A mother-of-three is warning other women about a ‘weird’ symptom she noticed just weeks away from giving birth that led to her being diagnosed with an aggressive cancer.
At 32-weeks pregnant, Kate Grainger discovered her colostrum – the first milk produced when pregnant – was pink instead of yellow.
Working as a teacher in Newman, a Western Australian town with no birthing facilities, Ms Grainger decided to travel with her family: Leo, three, and Iris, two, and husband Joel just over 1,400kms to Busselton, in south-west WA, to be with her in-laws.
It was there that she would be diagnosed with grade 3 triple negative breast cancer after mentioning the discoloured colostrum to her obstetrician, just 14 days away from giving birth to her third child.
Baby Heath was born healthy on February 25, however Ms Grainger’s cancer had spread across her breast and into a lymph node.
Mother of three, Kate Grainger (pictured with family), was just weeks away from giving birth to her third child, Heath, when she was diagnosed with a rare breast cancer
The young mum was wheeled straight from the pregnancy ward to the cancer ward for scans and treatment.
Ms Grainger paid little thought to the miscoloured colostrum at the time, assuming that it was a pregnancy quirk.
‘I didn’t think anything of it.
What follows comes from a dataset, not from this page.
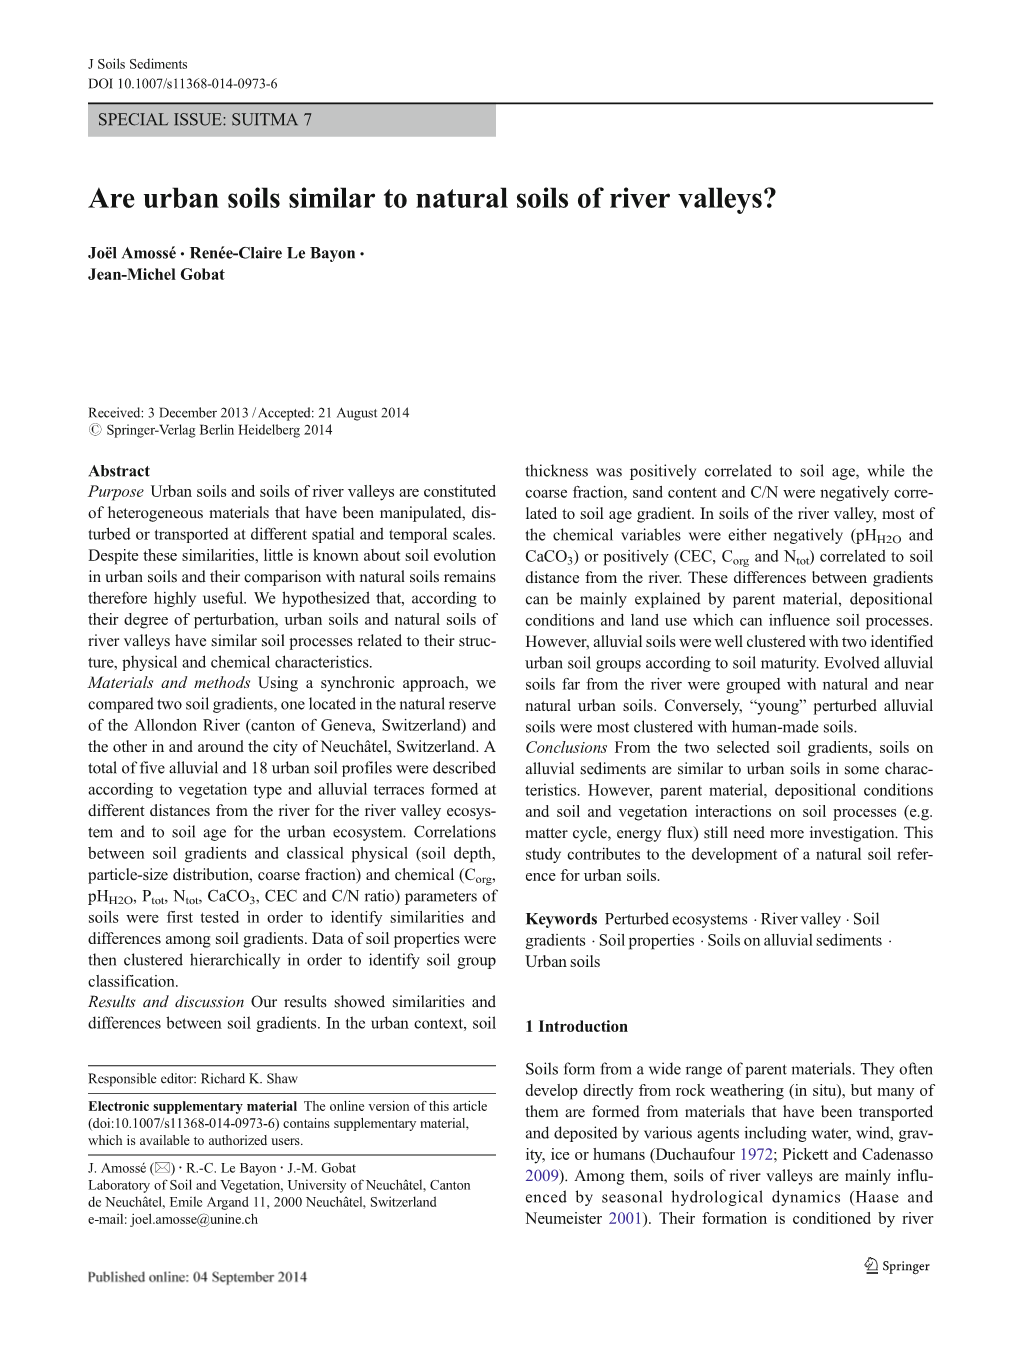 Are Urban Soils Similar to Natural Soils of River Valleys?

I was like, ‘Oh pregnancy boobs, weird things happen’,’ Ms Grainger told 7Life.
‘Boobs are always lumpy during pregnancy so I really didn’t think anything of it.
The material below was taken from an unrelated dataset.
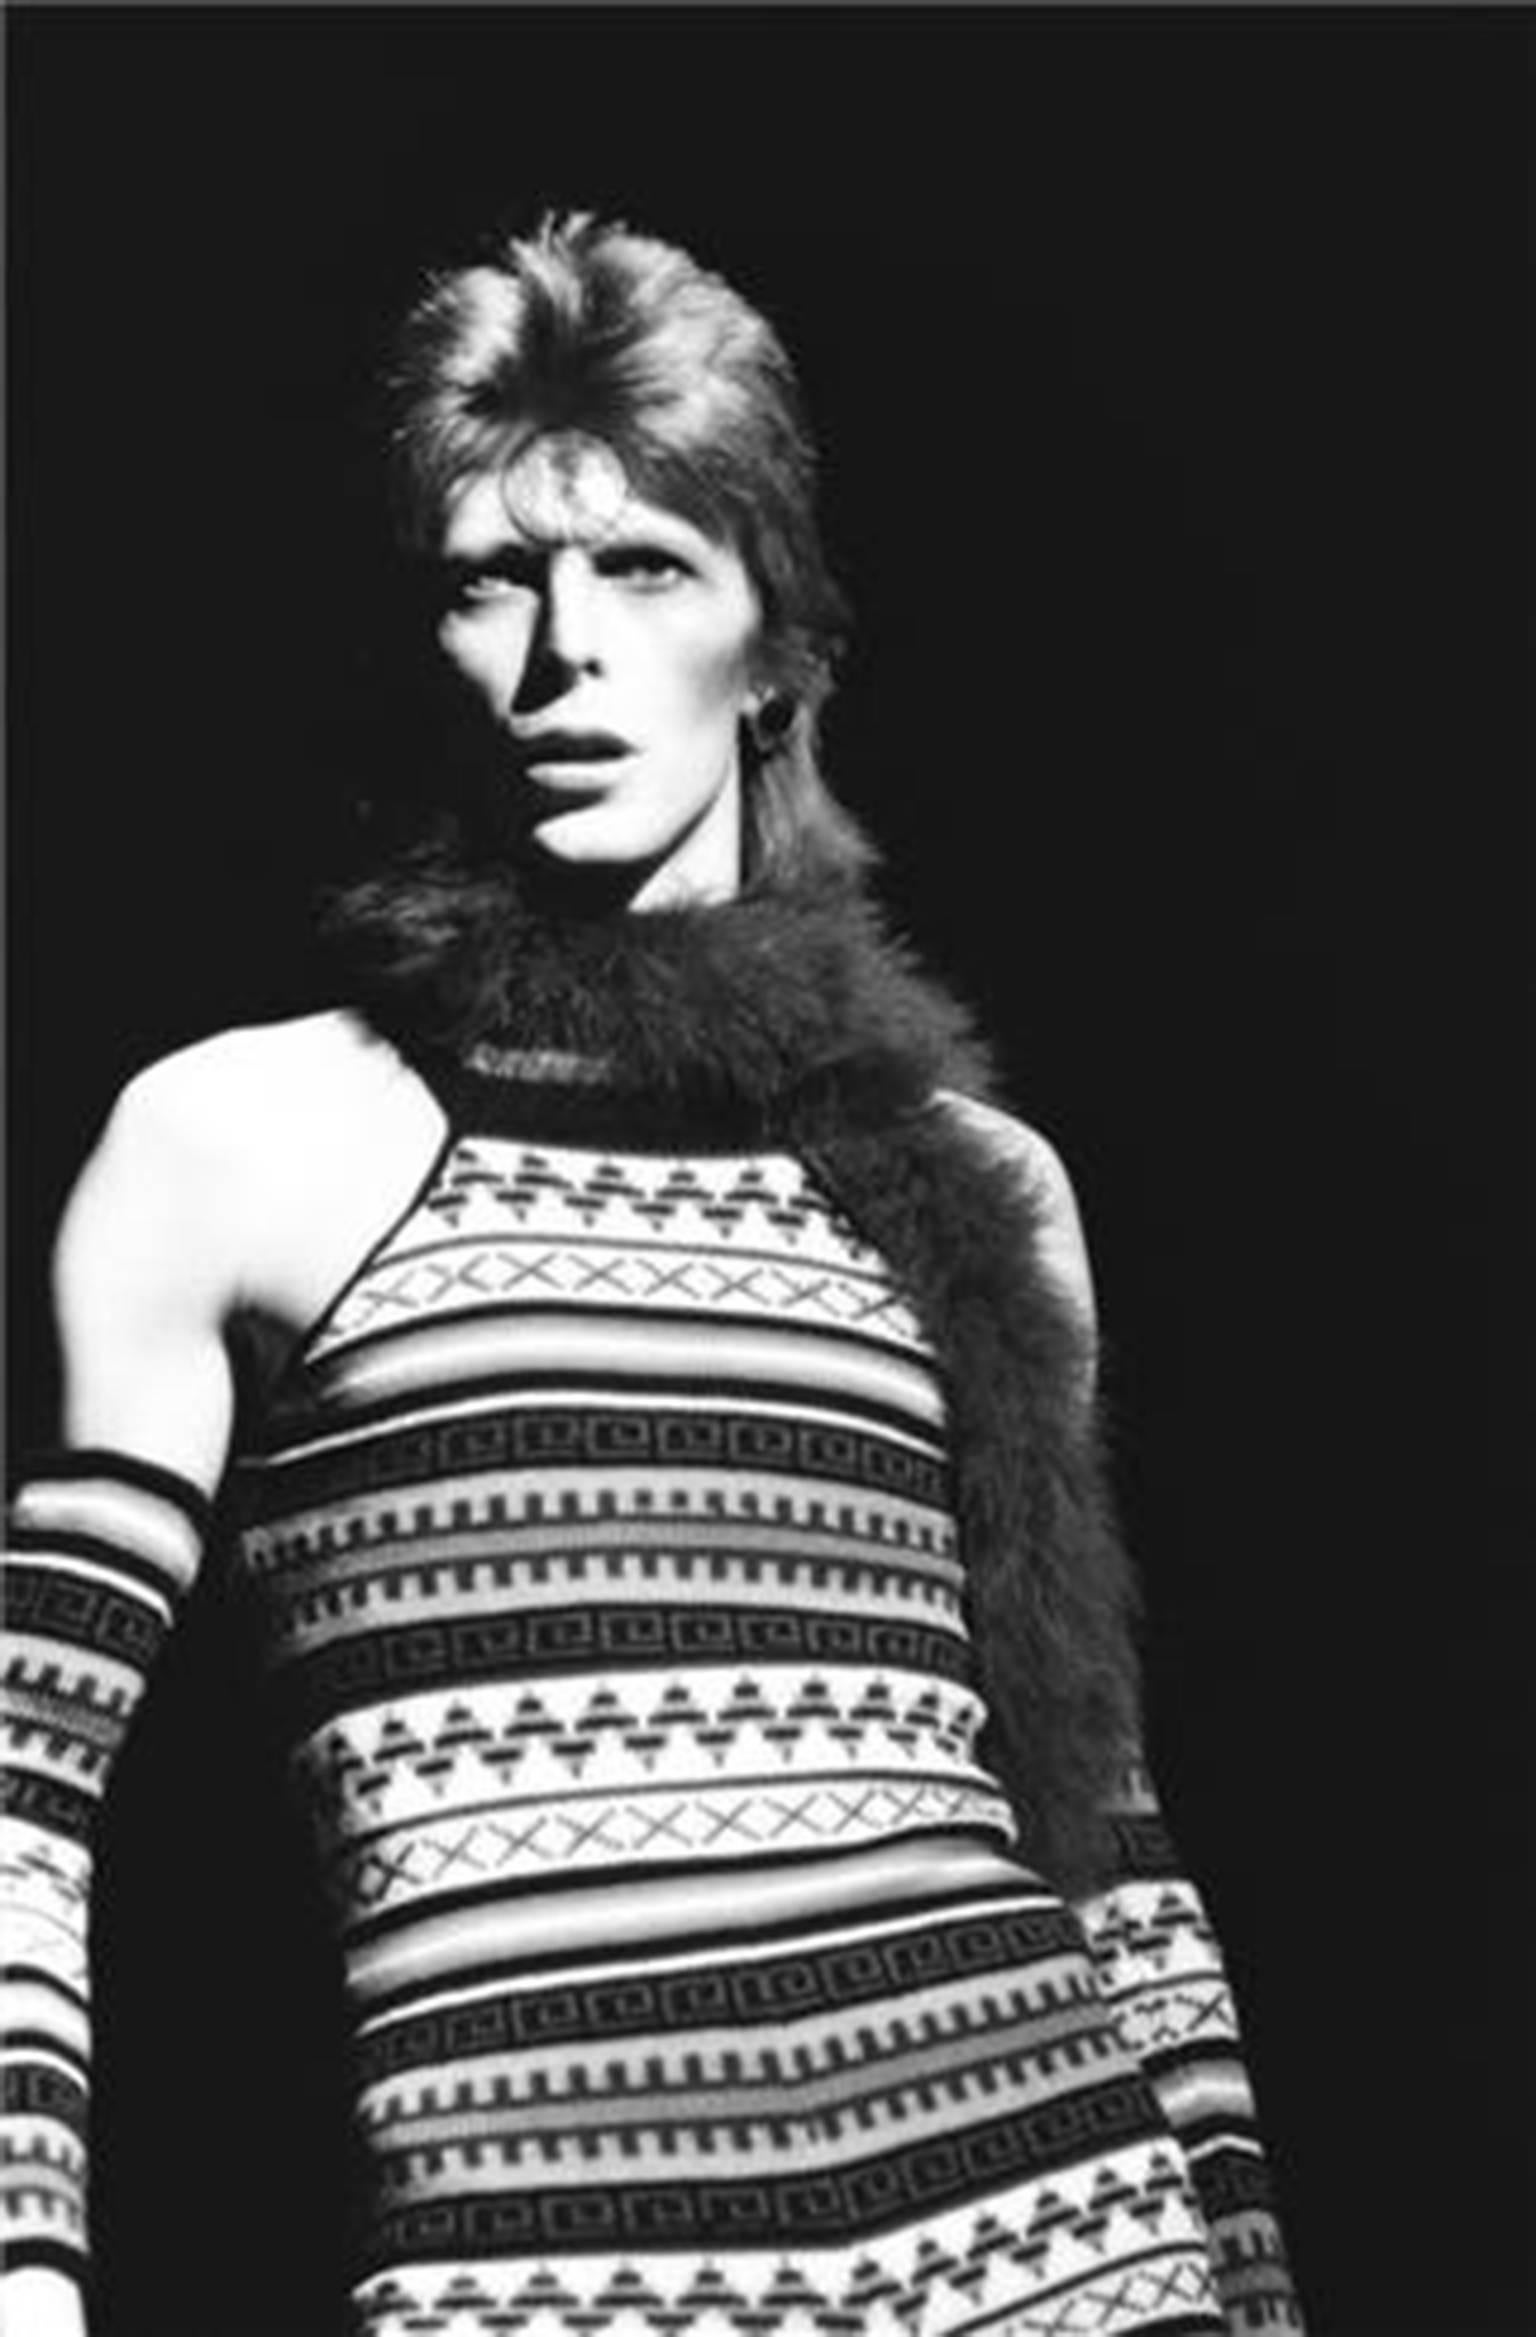 Neal Preston Black and White Photograph - David Bowie, New York, NY 1973

However, the diagnosis would send her and her family into a tailspin.
‘Nothing they could say would reassure me that it was okay,’ Ms Grainger said.
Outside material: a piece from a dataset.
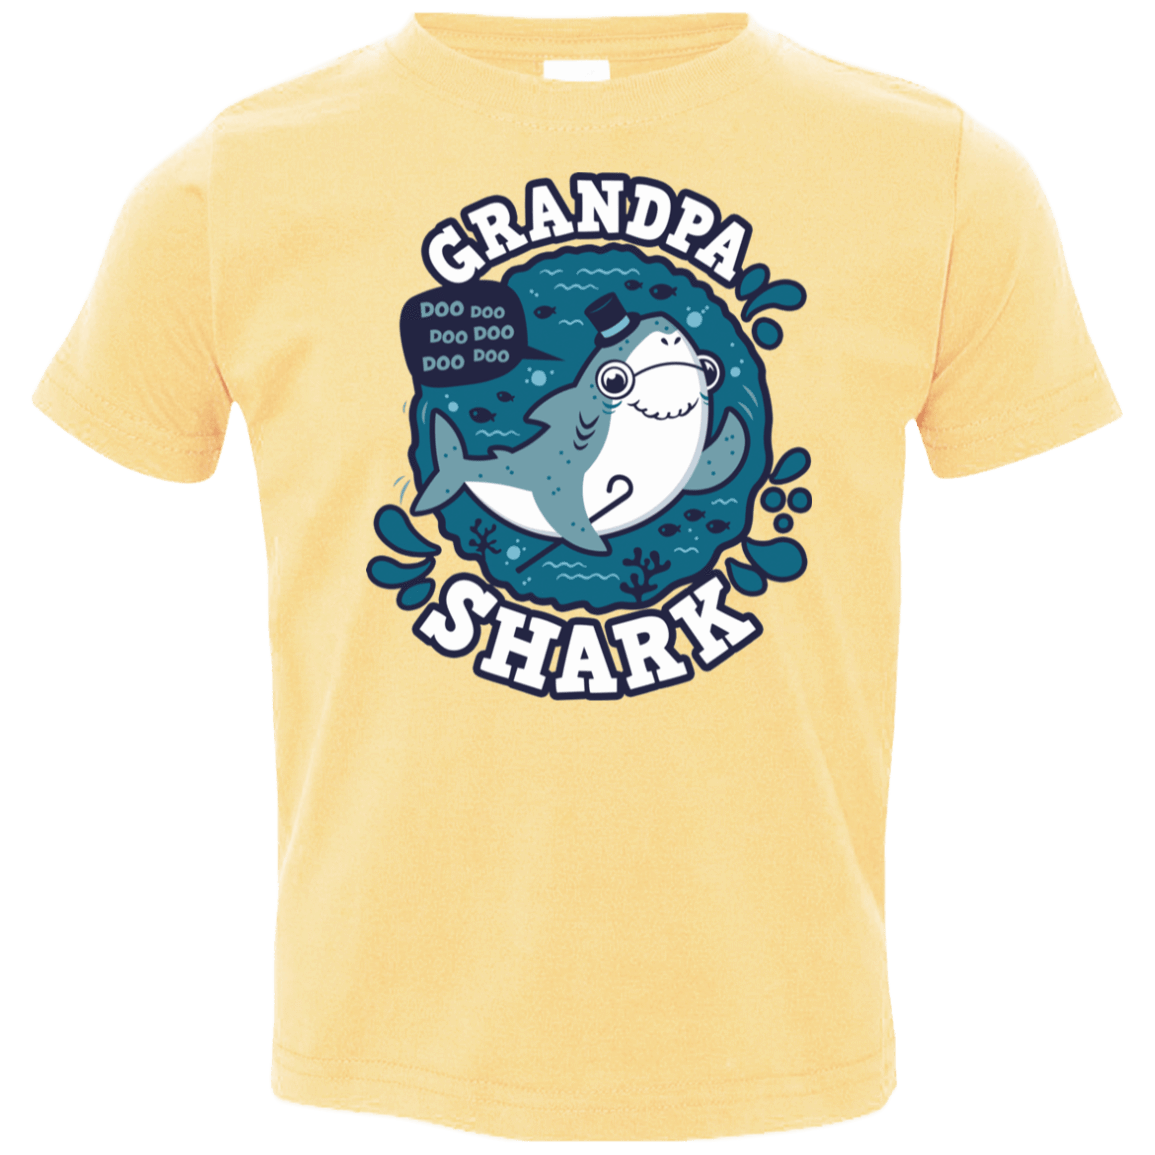 T-Shirts Butter / 2T Shark Family trazo - Grandpa Toddler Premium T-Shirt

‘It was just pure fear, pure terror and shock and horror.
‘I worried myself so much that I’d actually gone into the hospital and asked them to sedate me because I was so upset.
‘My husband and I were trying to cling onto the positives.’
She says that her husband, Joel, and three children have helped her traverse serious mental health struggles while they’re 1,400kms away from home for treatment (pictured, Joel and family)
Grade 3 triple negative breast cancer is a more aggressive form of cancer that usually occurs at a younger age.
It also has poorer clinical outcomes and higher relapse rates and much lower chances of survival.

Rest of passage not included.